NVIDIA ASR NIM
Type: Microservice Tags: NVIDIA, NIM, ASR, automatic speech recognition, speech-to-text, Parakeet, Canary, Whisper, Nemotron, Riva Related: NVIDIA-Speech-NIM-Microservices, NVIDIA-NIM, NVIDIA-Riva, Nemotron-ASR-Streaming, Nemotron-3-VoiceChat, Parakeet-ASR, NVIDIA-Canary, Nemotron, NVIDIA-NeMo, NVIDIA-TTS-NIM, NVIDIA-NMT-NIM, NVIDIA-Background-Noise-Removal-NIM, TensorRT, Triton-Inference-Server Sources: https://docs.nvidia.com/nim/speech/latest/asr/index.html, https://docs.nvidia.com/nim/speech/latest/about/how-it-works.html Last Updated: 2026-04-29
Summary
NVIDIA ASR NIM is the Speech NIM microservice for automatic speech recognition. Current NVIDIA docs describe it as converting spoken audio into text, packaging pre-trained NeMo models with TensorRT and Triton in self-contained containers that handle model download, optimization, and serving.
Detail
Purpose
ASR NIM gives developers a deployable speech-to-text endpoint for voice assistants, live captions, contact center transcription, media indexing, and multilingual speech pipelines without directly serving each ASR model.
Current scope
- Streaming mode returns partial transcripts as audio arrives.
- Offline mode processes complete audio and returns a full transcript.
- Current docs list Parakeet CTC, Parakeet TDT, Parakeet RNNT Multilingual, Nemotron-ASR-Streaming, Conformer CTC, Whisper Large v3, and Canary 1B options.
- Model selection guidance covers language coverage, inference mode, timestamps, streaming latency, and translation behavior.
- Customization docs cover word boosting, custom vocabularies, fine-tuned NeMo checkpoints, and pipeline configuration.
NVIDIA context
ASR NIM is where Parakeet-ASR, NVIDIA-Canary, and Nemotron ASR deployment meet NVIDIA-NIM. It is also the first stage in common speech pipelines that chain ASR, NVIDIA-NMT-NIM, and NVIDIA-TTS-NIM services.
Connections
- NVIDIA-Speech-NIM-Microservices - parent docs surface for Speech NIMs.
- NVIDIA-Riva - broader NVIDIA speech AI platform and historical ASR runtime context.
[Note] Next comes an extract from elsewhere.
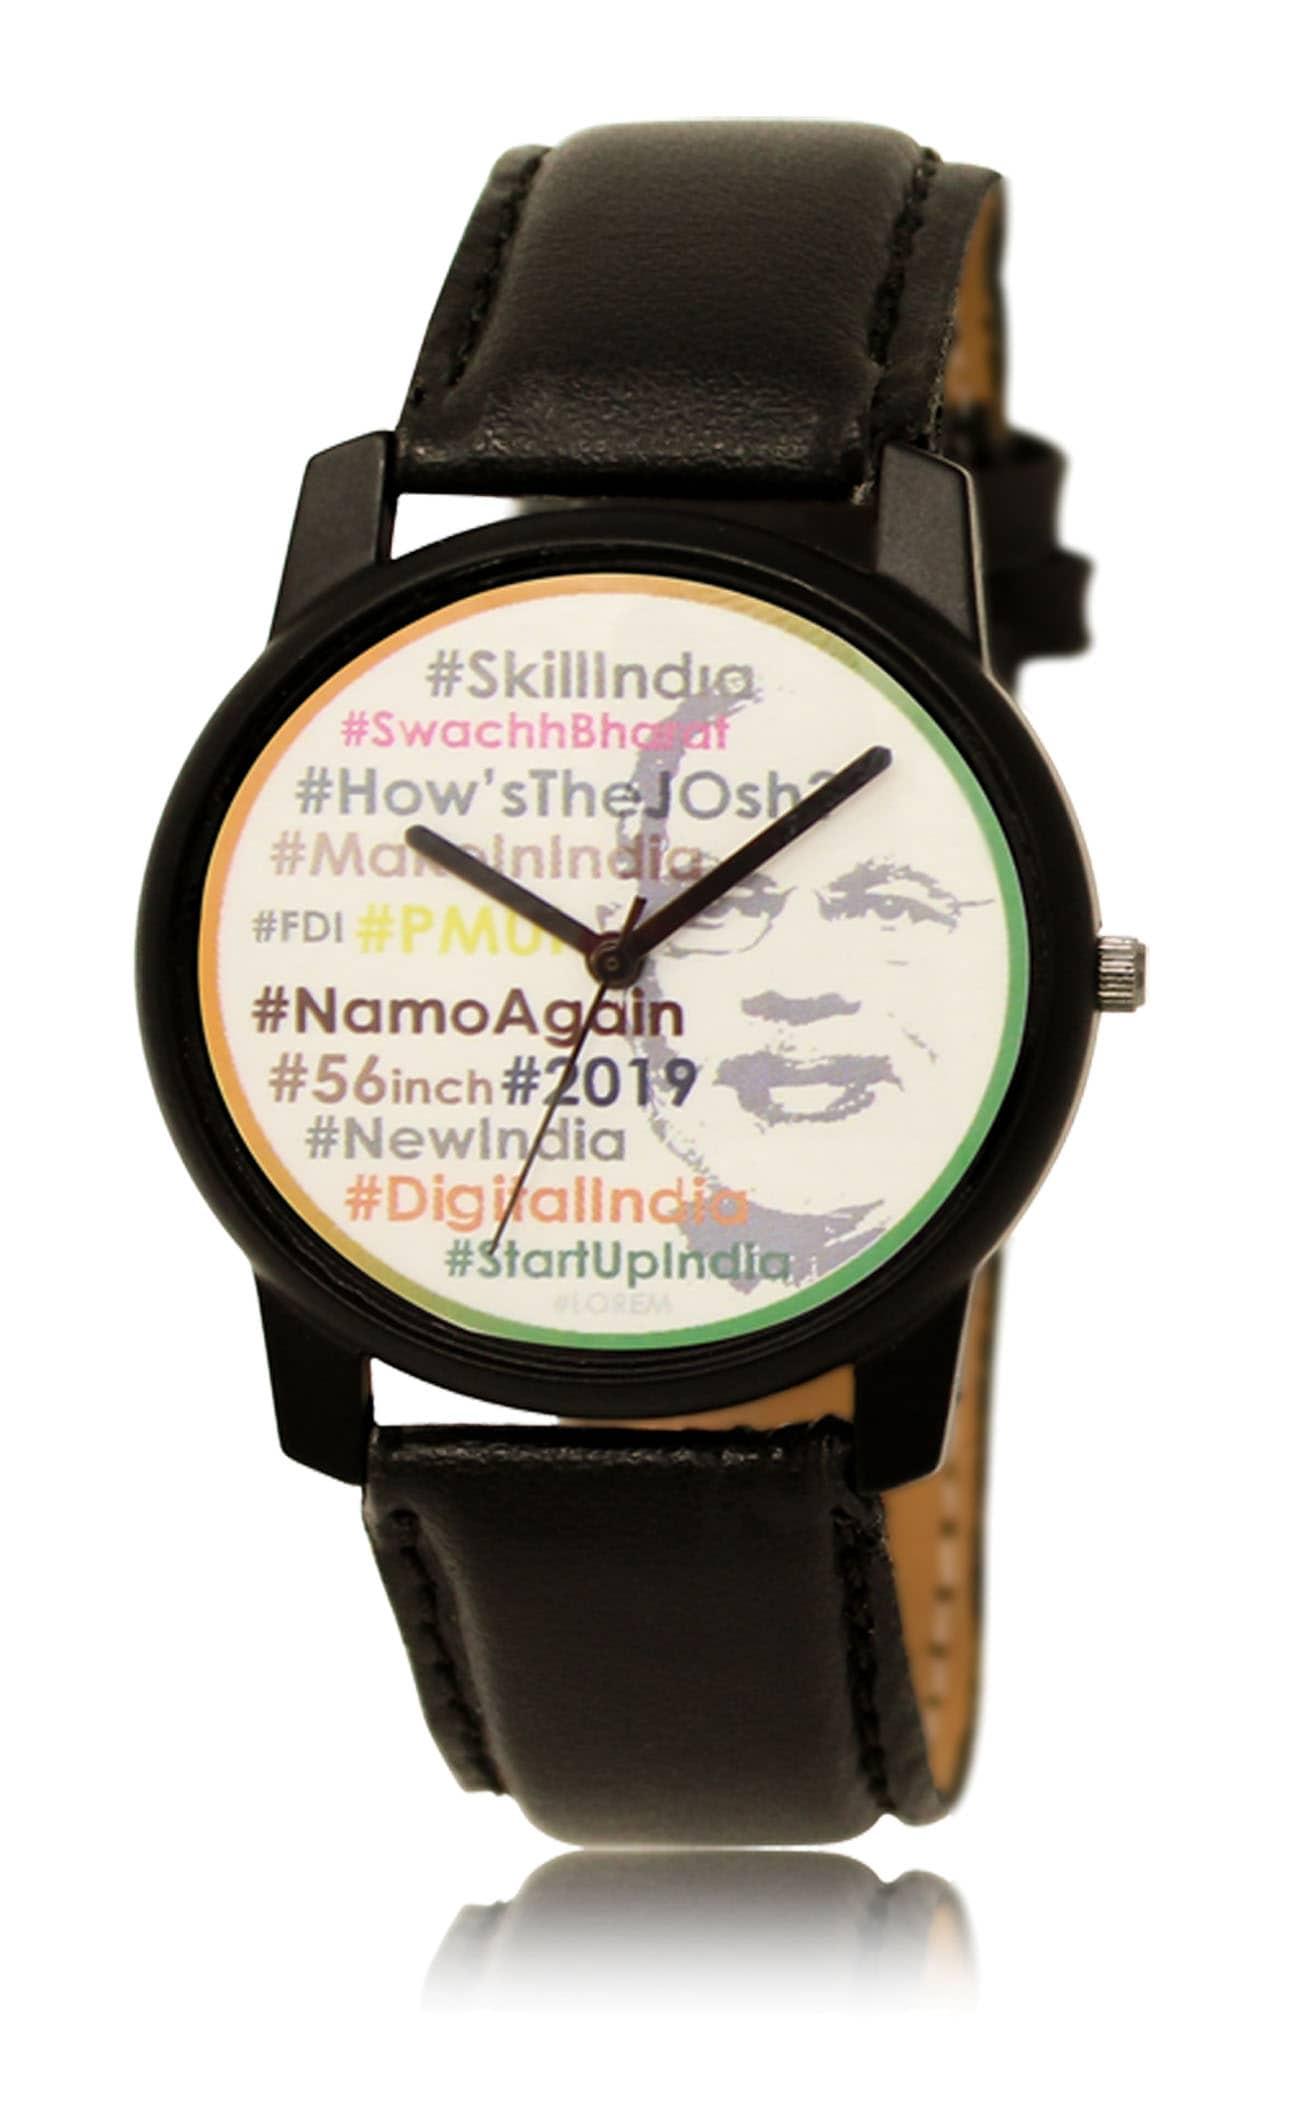 NAMO Again 2019 MODI Election Watch #ModiFever #VoteForMODI #FirEkBarModiSarkar Analog Watch - For Men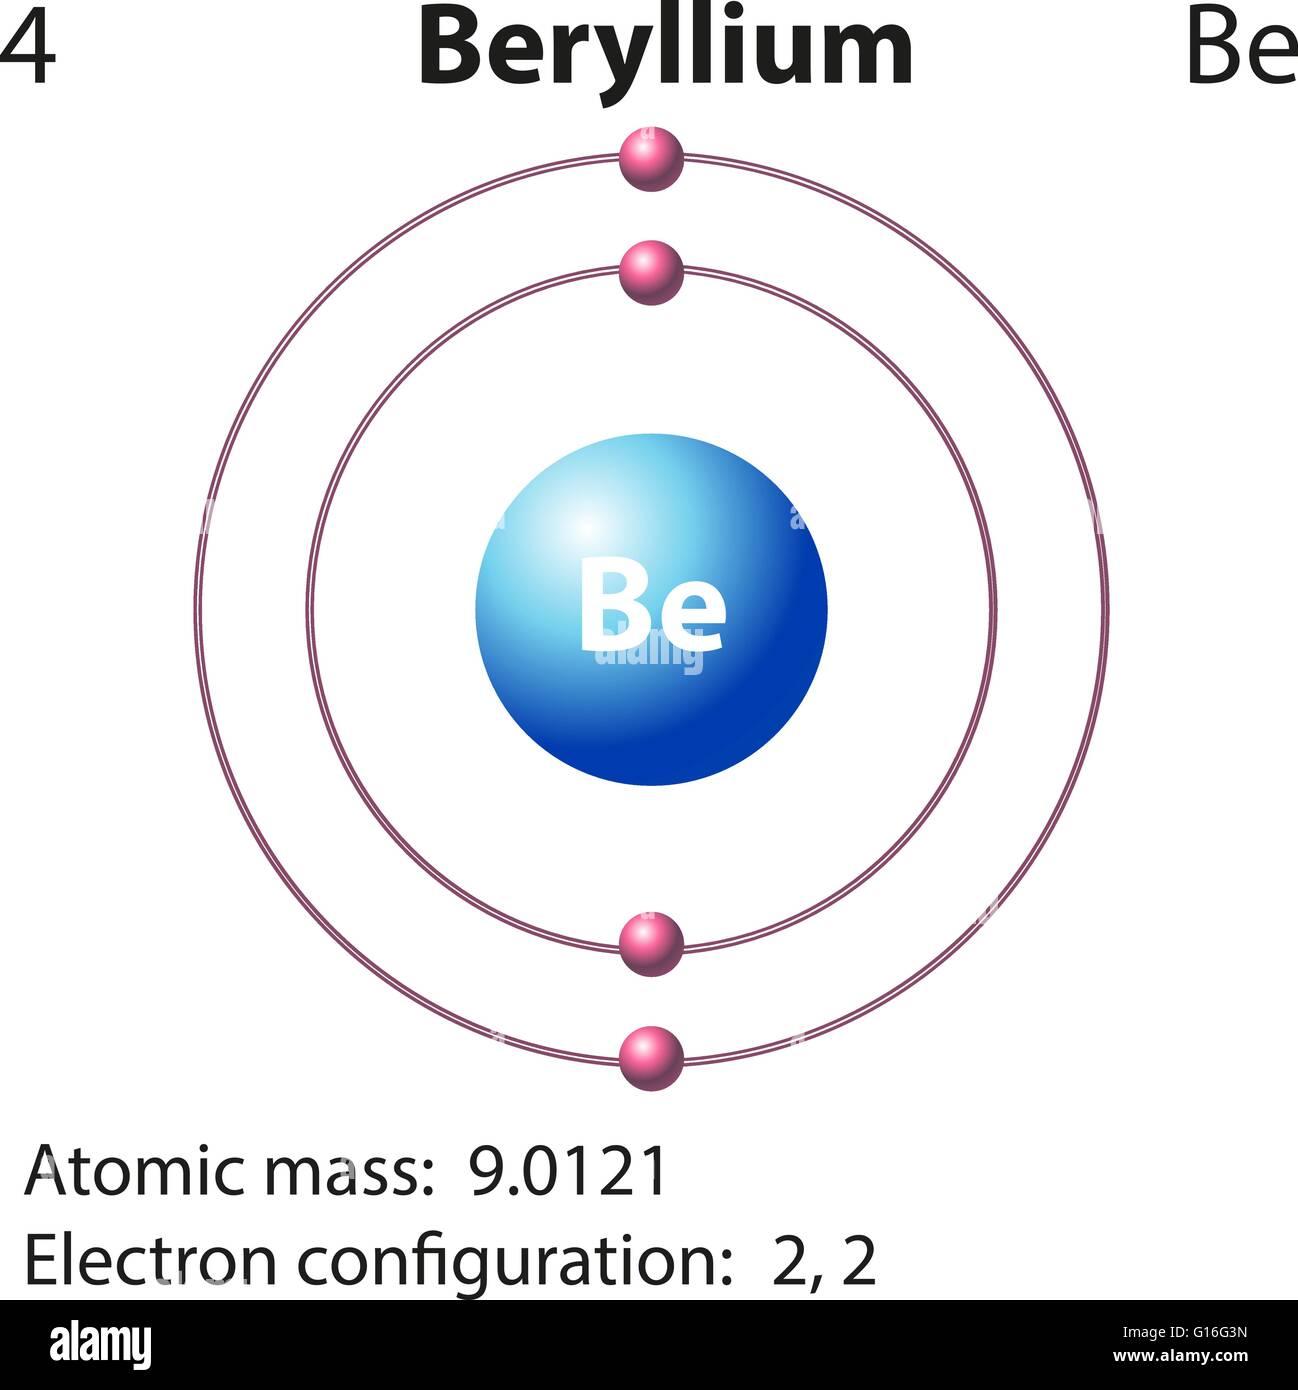 Diagram representation of the element beryllium illustration stock diagram representation of the element beryllium illustration urtaz Image collections

- Nemotron-ASR-Streaming - model-specific page for NVIDIA’s 600M-parameter English streaming ASR model.
- Parakeet-ASR - current ASR NIM docs list multiple Parakeet model families.
- NVIDIA-Canary - current ASR NIM docs list Canary 1B for transcription and bidirectional translation.
- Nemotron - broader model-family context for Nemotron speech models.
- NVIDIA-Background-Noise-Removal-NIM - audio cleanup can improve speech intelligibility and ASR accuracy in noisy environments.
- NVIDIA-TTS-NIM and NVIDIA-NMT-NIM - downstream services for voice response and translation pipelines.
- Nemotron-3-VoiceChat - unified full-duplex speech-to-speech model that avoids a separate ASR-to-LLM-to-TTS cascade for some voice-agent workflows.
- TensorRT and Triton-Inference-Server - acceleration and serving layers packaged inside the NIM.
Source Excerpts
- NVIDIA docs say ASR NIM converts spoken audio into text and packages pre-trained NeMo models with TensorRT and Triton.
- The docs list both streaming and offline inference modes and multiple ASR model families.